Implementing Raft: Part 2: Commands and Log Replication

manigandham · on March 1, 2020

Go has a nice set of polished libraries now for distributed computing (hashicorp/raft, etc) that makes it easy to start new projects. I wish other languages also had as many, might have to start porting.

NewJazz · on March 1, 2020

https://raft.readthedocs.io/en/latest/

dnautics · on March 1, 2020

Raft is incredibly easy to write correctly, with tests, since basically everything you need is in figure 2. I've done it once, but then lost all of the code because I got mugged, my computer was stolen, and I forgot to make a github repo, and am rebuilding it currently (current one I'm doing clocks at about 700 SLOC, including tests and it's about 3/4 done).

rubiquity · on March 1, 2020

Raft is not easy to implement. People think it is. But that’s only because they have implemented the happy paths, which are hard enough to get right as it is.

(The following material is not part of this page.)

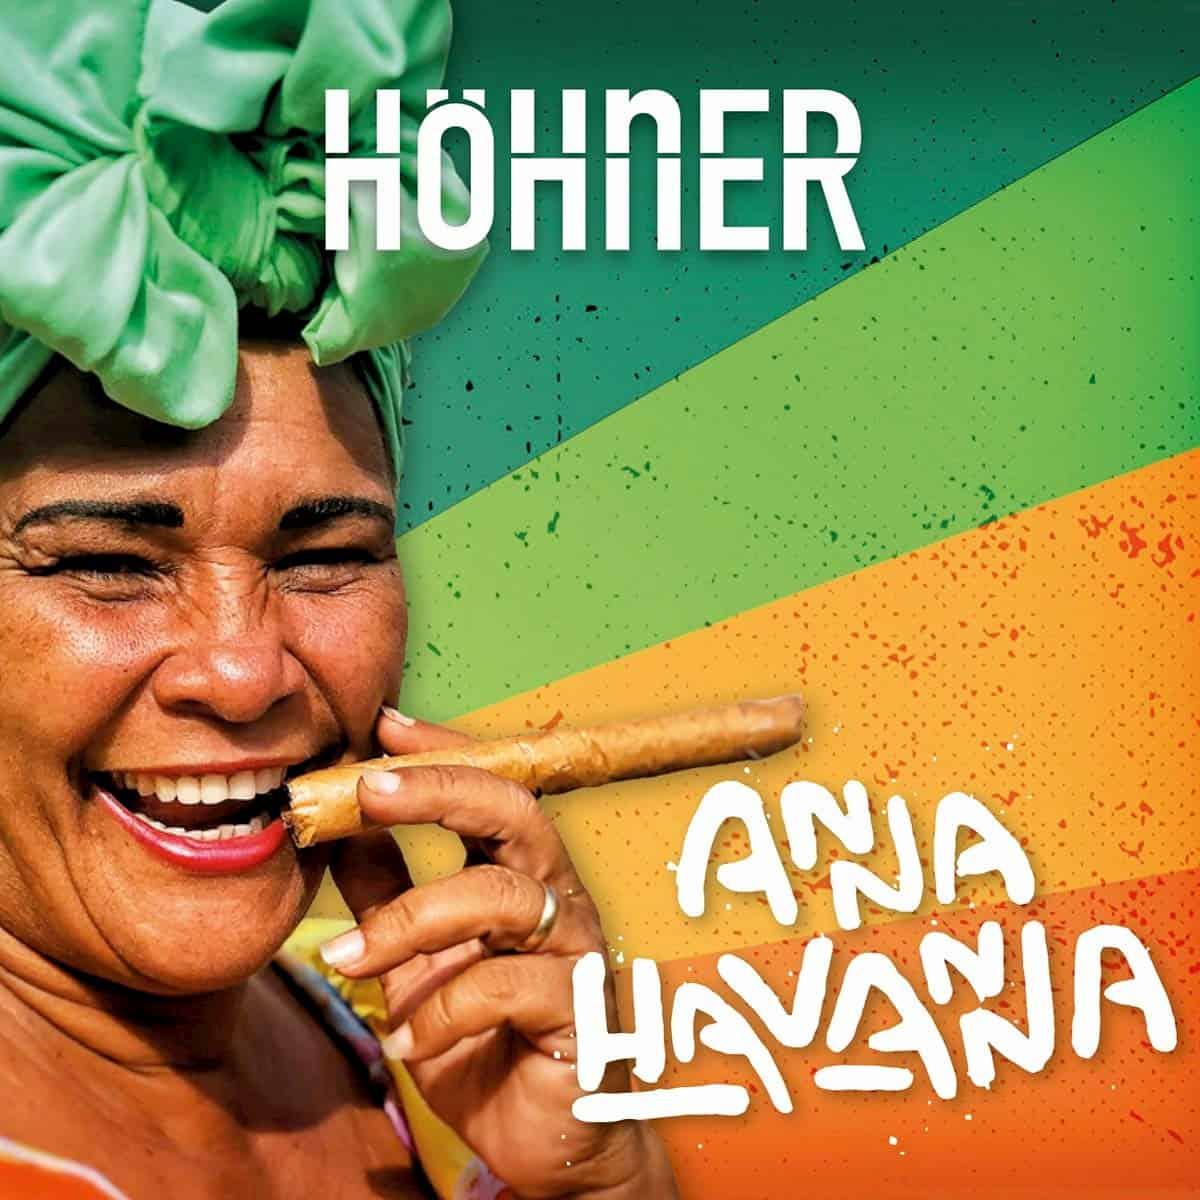 Höhner - Anna Havanna - Salsa im Kölner Karneval 2019-2020
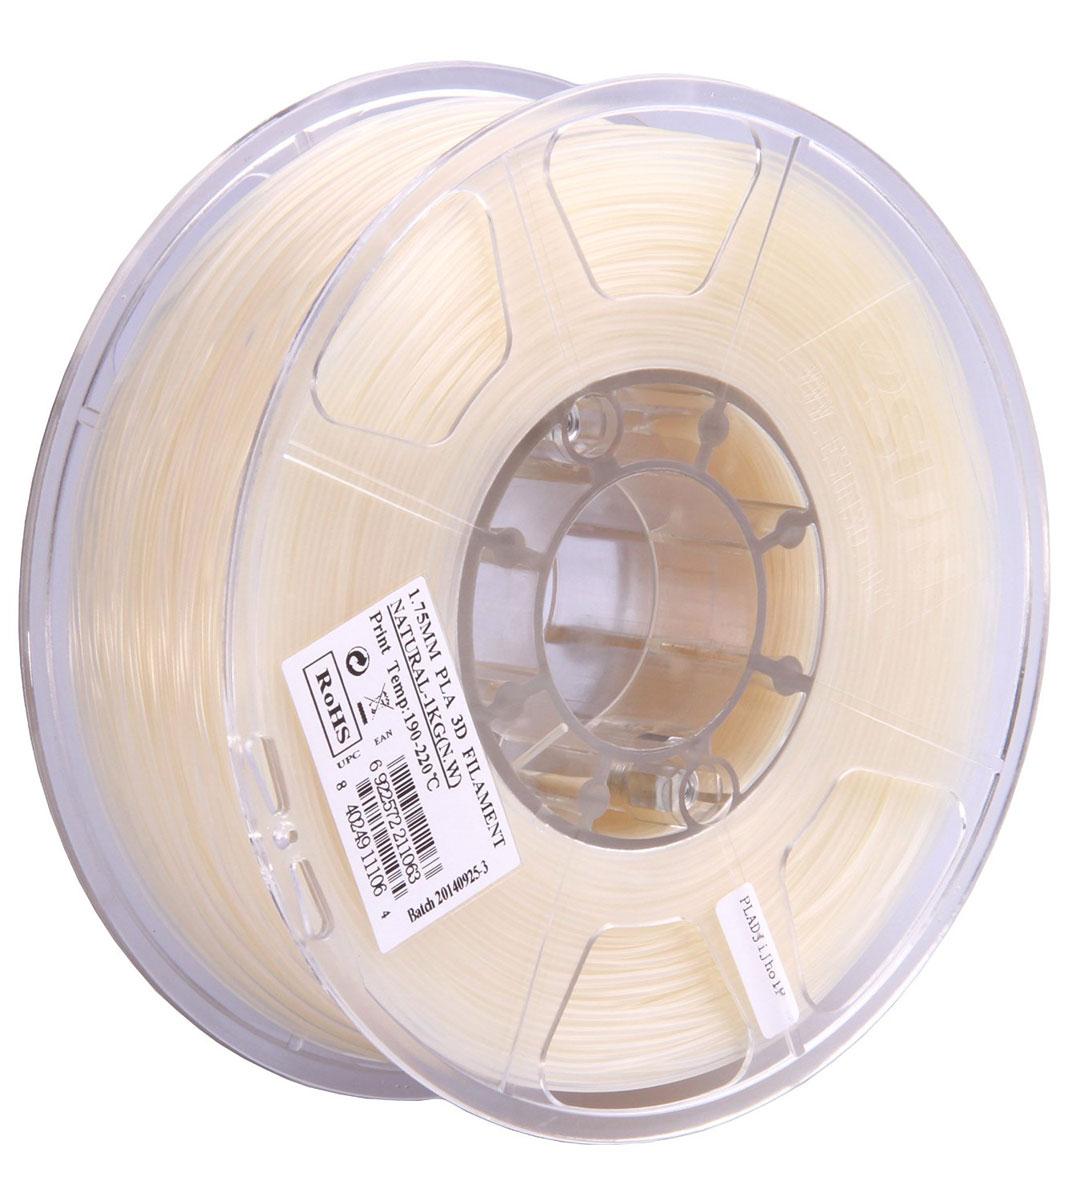 ESUN PLA-пластик в катушке, White (PLA175N1)PLA175N1Пластик PLA от ESUN долговечный и очень прочный полимер, ударопрочный, эластичный и стойкий к моющим средствам и щелочам. Один из лучших материалов для печати на 3D принтере. Пластик не имеет запаха и не является токсичным. Температура плавления190-220°C. PLA пластик для 3D-принтера применяется в деталях автомобилей, канцелярских изделиях, корпусах бытовой техники, мебели, сантехники, а также в производстве игрушек, сувениров, спортивного инвентаря, деталей оружия, медицинского оборудования и прочего.Диаметр нити: 1.75 мм

monadic2 · on March 1, 2020

Could you explain which parts you found difficult to implement?

gozzoo · on March 3, 2020

The alternative to the happy paths would be all unexptecd things that might happen. They would be easy to implement only if we can forsee them. I think the diffuculty comes from our limited abiliyt to to predict all situations where things may go wrong.

gozzoo · on March 3, 2020

A classic example of this is when in 2006 it was discovered that nearly all implementations of binary search and mergsort are broken - more than 50 years after these algorithms where invented, and after they've been implemented thousands of times by the brghtest minds in computer science.

Joshua Bloch (of the Java fame) bloged about this [1] and here is the main take-away:

> The key lesson was to carefully consider the invariants in your programs.

[1] https://ai.googleblog.com/2006/06/extra-extra-read-all-about...

dnautics · on March 1, 2020

that's why you do property tests with unreliable mock networks.

frant-hartm · on March 1, 2020

Raft is easy to understand. It may be easier to write compared to e.g. Paxos, but that's it.

The consensus module and log are not very useful on their own. You need the integration with multiple concurrent clients, some state machine (even key value store will be complicated). This is still hard and doesn't get any easier with raft.

manigandham · on March 1, 2020

It might be simple to implement the various operations but it's not easy to get perfect and reliable. I rather have a production-ready library used by major projects instead of something I write myself.

hu3 · on March 1, 2020

I'm sorry your pc got stolen. Just wanted to say keep it up!

beders · on March 1, 2020

Wouldn't it be nice if this was actually part of the OS networking stack?

Wouldn't that make it easier to write correct (for some form of correctness) distributed applications, leaving the messy details to a proven lower-level stack?

antoinealb · on March 1, 2020

I wrote my master thesis on putting raft inside the RPC layer exactly for that reason. We arrived at the conclusion that this was indeed a very good way to easily provide distributed consensus to the application layer.

nujabe · on March 2, 2020

Interesting, do you mind sharing your thesis?

antoinealb · on March 2, 2020

Here it is: https://github.com/antoinealb/master-thesis/blob/master/thes...

Happy to discuss it in more details as well :)

wpietri · on March 1, 2020

Ah, nice. My first introduction to systems with replayable command logs at their heart was Prevalyer, and it really changed the way I think about system design for the better. I'm excited to try this out.